Leave us a comment below – we love hearing your thoughts and questions!




  1. Believing in your competence is an important factor of the level of success you can achieve.

    I do believe in myself but there are just moments when I check on my progress and I see no results and I’d usually give up in the middle of things..:( and end up with “this is not for me”

    What I know is that a self-efficient individual is “action-oriented” and that to be called self-efficient, one must be able to take positive, inspired actions regardless of the feelings or emotions that are within or that surround him/her. It’s not that easy to do.

    Is self-efficacy a skill,too?
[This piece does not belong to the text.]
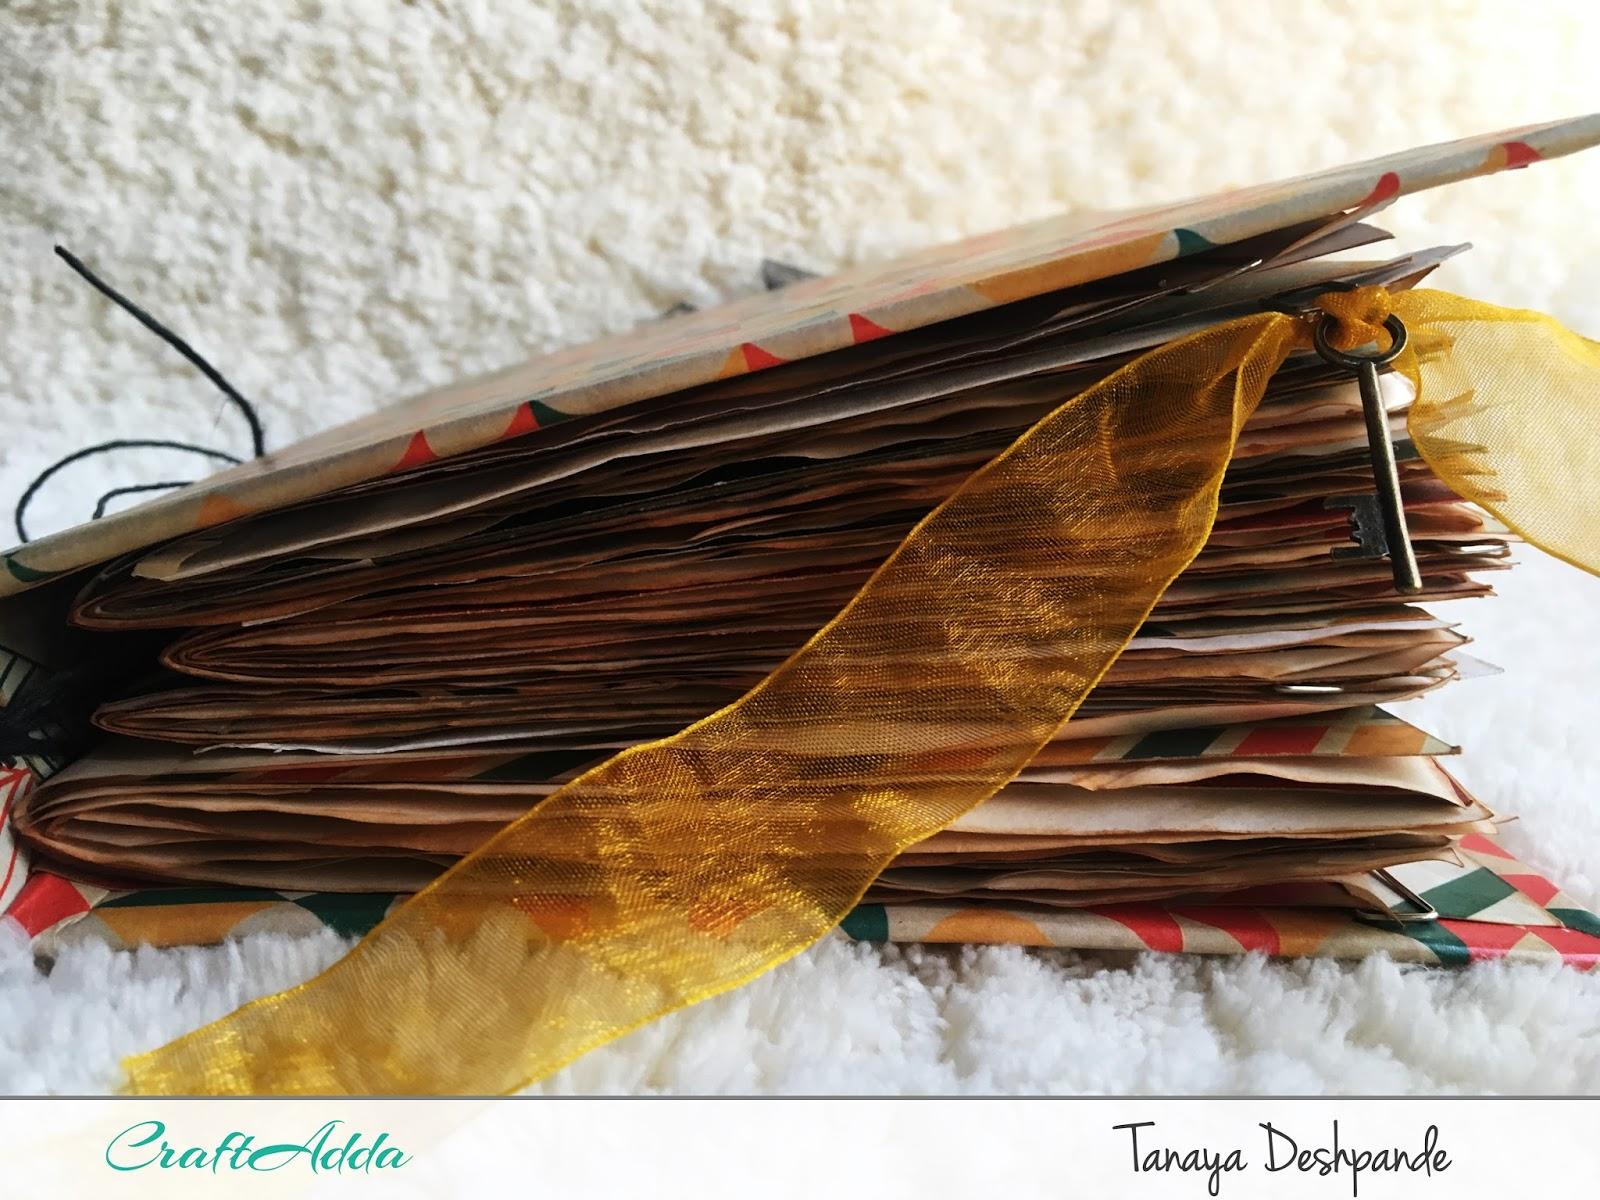 'Autumn Harvest' Junk Journal by Tanaya 2

If so, are there ways to boost it? or can you give some examples on how it can be exercised or practiced?

    Thank you very much in advance,Rishan!

    • Great question.

      We have the research proven ways of increasing self efficacy.

      1) affirmations

      2) mental rehearsal or visualization

      3) break the goal down into smaller steps

  2. Not everybody knows about being aware of their efficacy as a person since we usually do stuff on a day-to-day basis kind of way. Having a mindset of “I’m on it” on a goal doesn’t simply ensure its achievement. It’s also important that we take note of the progress that we make and be highly motivated when we see advancement, build the momentum, and manifest change.

    Great input!

    • You’re right Pete! Seeing progress on the actions we are taking to achieve our goals will really boost our confidence. It will really help us to believe in ourselves that our goals are achievable.

  3. GliderXon says:

    Aaaahh… this will work well on my goal to double or even triple my reading speed!